**Task directions**.
From the line with "Verizon And Mongodb: Pioneering" through the line with "设计神器Free SVG Illustrations", repeat the entries verbatim, both end lines included, and add nothing.

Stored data
- - - - -
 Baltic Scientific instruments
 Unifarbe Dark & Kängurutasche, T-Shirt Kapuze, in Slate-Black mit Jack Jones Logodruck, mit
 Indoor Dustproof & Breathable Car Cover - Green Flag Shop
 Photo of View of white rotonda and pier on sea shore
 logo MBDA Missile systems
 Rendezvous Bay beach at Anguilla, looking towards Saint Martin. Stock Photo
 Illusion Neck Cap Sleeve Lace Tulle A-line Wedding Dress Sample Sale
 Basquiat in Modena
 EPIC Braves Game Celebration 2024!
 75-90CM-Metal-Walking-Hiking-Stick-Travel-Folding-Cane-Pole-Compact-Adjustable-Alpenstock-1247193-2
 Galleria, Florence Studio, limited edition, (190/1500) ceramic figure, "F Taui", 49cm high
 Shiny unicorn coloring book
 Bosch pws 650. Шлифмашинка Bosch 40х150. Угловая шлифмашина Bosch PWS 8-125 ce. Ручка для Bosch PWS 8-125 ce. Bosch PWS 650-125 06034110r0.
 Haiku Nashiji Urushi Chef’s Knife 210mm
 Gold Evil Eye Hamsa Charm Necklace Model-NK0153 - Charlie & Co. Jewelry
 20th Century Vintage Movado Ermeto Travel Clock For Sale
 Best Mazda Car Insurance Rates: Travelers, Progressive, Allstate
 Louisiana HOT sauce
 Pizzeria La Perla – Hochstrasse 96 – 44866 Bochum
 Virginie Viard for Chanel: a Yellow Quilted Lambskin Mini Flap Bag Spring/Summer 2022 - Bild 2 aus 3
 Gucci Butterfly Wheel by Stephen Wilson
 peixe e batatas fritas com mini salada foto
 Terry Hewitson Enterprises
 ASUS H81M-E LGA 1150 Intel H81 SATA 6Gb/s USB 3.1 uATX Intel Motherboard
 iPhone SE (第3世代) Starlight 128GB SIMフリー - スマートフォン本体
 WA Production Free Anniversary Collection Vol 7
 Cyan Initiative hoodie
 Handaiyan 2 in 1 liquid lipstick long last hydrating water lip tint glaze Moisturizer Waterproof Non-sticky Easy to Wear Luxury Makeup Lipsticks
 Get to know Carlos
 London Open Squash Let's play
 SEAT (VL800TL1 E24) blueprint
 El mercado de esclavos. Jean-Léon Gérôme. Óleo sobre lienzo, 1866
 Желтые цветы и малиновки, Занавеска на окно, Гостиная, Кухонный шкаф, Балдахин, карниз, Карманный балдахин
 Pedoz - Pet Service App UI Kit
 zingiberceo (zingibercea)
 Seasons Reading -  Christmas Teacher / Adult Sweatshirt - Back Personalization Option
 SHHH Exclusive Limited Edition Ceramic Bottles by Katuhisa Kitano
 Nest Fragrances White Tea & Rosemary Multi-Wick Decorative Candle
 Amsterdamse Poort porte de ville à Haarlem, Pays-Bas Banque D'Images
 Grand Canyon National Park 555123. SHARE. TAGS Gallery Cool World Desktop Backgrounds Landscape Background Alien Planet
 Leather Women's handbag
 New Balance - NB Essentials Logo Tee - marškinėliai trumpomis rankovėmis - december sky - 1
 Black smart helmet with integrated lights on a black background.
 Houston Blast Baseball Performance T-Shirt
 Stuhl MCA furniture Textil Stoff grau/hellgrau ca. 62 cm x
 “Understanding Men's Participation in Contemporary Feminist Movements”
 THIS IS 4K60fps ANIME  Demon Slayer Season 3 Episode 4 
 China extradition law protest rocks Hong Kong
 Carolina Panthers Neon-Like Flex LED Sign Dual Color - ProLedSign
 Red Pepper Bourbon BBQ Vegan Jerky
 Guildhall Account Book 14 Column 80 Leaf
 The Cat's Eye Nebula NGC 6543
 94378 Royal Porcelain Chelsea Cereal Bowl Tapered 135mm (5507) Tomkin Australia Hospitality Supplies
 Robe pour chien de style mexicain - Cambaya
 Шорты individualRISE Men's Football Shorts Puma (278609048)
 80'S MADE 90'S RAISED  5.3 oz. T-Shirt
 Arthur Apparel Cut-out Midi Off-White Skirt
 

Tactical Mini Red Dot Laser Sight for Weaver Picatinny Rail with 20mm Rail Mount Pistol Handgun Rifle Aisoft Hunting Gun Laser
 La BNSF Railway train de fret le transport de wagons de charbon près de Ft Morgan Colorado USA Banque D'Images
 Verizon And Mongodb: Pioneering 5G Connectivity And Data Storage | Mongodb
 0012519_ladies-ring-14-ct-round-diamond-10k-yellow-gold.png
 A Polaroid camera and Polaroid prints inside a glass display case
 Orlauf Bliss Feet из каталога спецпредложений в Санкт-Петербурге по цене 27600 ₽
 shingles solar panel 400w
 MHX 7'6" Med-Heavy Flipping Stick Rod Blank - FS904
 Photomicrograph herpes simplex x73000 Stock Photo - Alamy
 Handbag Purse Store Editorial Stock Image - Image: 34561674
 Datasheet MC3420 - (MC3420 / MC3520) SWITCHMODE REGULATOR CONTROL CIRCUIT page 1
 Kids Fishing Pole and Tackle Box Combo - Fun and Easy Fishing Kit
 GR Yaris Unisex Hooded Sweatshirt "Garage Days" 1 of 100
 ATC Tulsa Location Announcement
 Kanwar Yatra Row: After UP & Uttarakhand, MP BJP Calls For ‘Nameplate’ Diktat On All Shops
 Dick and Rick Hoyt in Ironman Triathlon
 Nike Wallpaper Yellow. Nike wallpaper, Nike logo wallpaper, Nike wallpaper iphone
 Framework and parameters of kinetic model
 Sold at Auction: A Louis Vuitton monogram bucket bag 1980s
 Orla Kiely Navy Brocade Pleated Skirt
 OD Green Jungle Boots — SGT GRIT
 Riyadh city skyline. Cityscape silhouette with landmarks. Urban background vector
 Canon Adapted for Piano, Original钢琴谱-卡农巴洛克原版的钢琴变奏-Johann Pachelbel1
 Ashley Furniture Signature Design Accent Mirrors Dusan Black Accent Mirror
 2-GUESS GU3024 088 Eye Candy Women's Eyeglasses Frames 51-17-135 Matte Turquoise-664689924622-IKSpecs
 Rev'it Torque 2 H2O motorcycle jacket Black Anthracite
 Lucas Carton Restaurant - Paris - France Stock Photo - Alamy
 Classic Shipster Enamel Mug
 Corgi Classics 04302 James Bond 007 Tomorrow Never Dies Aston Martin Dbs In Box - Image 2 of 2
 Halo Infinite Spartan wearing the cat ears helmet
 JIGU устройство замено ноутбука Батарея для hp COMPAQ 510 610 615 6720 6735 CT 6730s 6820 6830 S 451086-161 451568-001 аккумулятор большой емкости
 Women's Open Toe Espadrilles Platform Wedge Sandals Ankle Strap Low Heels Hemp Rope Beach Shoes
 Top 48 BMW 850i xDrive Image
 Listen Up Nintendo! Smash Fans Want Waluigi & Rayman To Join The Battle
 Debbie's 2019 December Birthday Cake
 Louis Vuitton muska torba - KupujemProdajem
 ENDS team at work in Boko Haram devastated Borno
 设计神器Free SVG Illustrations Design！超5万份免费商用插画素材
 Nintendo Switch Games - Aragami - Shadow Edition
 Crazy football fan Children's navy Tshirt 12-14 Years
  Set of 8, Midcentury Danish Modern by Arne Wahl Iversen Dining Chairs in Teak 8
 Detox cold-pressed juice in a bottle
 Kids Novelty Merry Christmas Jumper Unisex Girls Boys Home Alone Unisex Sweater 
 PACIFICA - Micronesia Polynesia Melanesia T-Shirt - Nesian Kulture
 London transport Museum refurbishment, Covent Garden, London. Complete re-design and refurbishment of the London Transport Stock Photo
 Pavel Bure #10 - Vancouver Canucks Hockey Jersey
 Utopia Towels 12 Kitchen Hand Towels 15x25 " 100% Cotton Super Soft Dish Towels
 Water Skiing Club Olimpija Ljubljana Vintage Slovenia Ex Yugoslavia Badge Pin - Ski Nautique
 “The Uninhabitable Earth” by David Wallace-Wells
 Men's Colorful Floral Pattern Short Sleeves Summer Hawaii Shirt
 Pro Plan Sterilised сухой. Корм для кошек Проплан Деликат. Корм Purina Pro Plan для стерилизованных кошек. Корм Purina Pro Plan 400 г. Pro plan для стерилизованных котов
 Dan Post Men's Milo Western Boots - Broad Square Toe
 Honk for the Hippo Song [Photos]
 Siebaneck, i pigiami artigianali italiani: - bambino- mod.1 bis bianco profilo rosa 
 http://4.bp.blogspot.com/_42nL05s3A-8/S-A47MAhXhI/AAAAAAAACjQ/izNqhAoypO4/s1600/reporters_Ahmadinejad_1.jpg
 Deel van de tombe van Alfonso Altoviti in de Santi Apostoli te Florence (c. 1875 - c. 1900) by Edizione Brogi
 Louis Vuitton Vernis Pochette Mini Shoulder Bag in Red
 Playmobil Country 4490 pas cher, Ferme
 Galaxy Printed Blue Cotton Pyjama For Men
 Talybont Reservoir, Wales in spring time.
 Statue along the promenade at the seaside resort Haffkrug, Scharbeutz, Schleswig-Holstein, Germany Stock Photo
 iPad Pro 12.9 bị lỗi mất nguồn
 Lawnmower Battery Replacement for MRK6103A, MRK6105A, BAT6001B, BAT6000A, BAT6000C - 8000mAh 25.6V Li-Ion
- - - - -
**Result of this exercise**.
 Verizon And Mongodb: Pioneering 5G Connectivity And Data Storage | Mongodb
 0012519_ladies-ring-14-ct-round-diamond-10k-yellow-gold.png
 A Polaroid camera and Polaroid prints inside a glass display case
 Orlauf Bliss Feet из каталога спецпредложений в Санкт-Петербурге по цене 27600 ₽
 shingles solar panel 400w
 MHX 7'6" Med-Heavy Flipping Stick Rod Blank - FS904
 Photomicrograph herpes simplex x73000 Stock Photo - Alamy
 Handbag Purse Store Editorial Stock Image - Image: 34561674
 Datasheet MC3420 - (MC3420 / MC3520) SWITCHMODE REGULATOR CONTROL CIRCUIT page 1
 Kids Fishing Pole and Tackle Box Combo - Fun and Easy Fishing Kit
 GR Yaris Unisex Hooded Sweatshirt "Garage Days" 1 of 100
 ATC Tulsa Location Announcement
 Kanwar Yatra Row: After UP & Uttarakhand, MP BJP Calls For ‘Nameplate’ Diktat On All Shops
 Dick and Rick Hoyt in Ironman Triathlon
 Nike Wallpaper Yellow. Nike wallpaper, Nike logo wallpaper, Nike wallpaper iphone
 Framework and parameters of kinetic model
 Sold at Auction: A Louis Vuitton monogram bucket bag 1980s
 Orla Kiely Navy Brocade Pleated Skirt
 OD Green Jungle Boots — SGT GRIT
 Riyadh city skyline. Cityscape silhouette with landmarks. Urban background vector
 Canon Adapted for Piano, Original钢琴谱-卡农巴洛克原版的钢琴变奏-Johann Pachelbel1
 Ashley Furniture Signature Design Accent Mirrors Dusan Black Accent Mirror
 2-GUESS GU3024 088 Eye Candy Women's Eyeglasses Frames 51-17-135 Matte Turquoise-664689924622-IKSpecs
 Rev'it Torque 2 H2O motorcycle jacket Black Anthracite
 Lucas Carton Restaurant - Paris - France Stock Photo - Alamy
 Classic Shipster Enamel Mug
 Corgi Classics 04302 James Bond 007 Tomorrow Never Dies Aston Martin Dbs In Box - Image 2 of 2
 Halo Infinite Spartan wearing the cat ears helmet
 JIGU устройство замено ноутбука Батарея для hp COMPAQ 510 610 615 6720 6735 CT 6730s 6820 6830 S 451086-161 451568-001 аккумулятор большой емкости
 Women's Open Toe Espadrilles Platform Wedge Sandals Ankle Strap Low Heels Hemp Rope Beach Shoes
 Top 48 BMW 850i xDrive Image
 Listen Up Nintendo! Smash Fans Want Waluigi & Rayman To Join The Battle
 Debbie's 2019 December Birthday Cake
 Louis Vuitton muska torba - KupujemProdajem
 ENDS team at work in Boko Haram devastated Borno
 设计神器Free SVG Illustrations Design！超5万份免费商用插画素材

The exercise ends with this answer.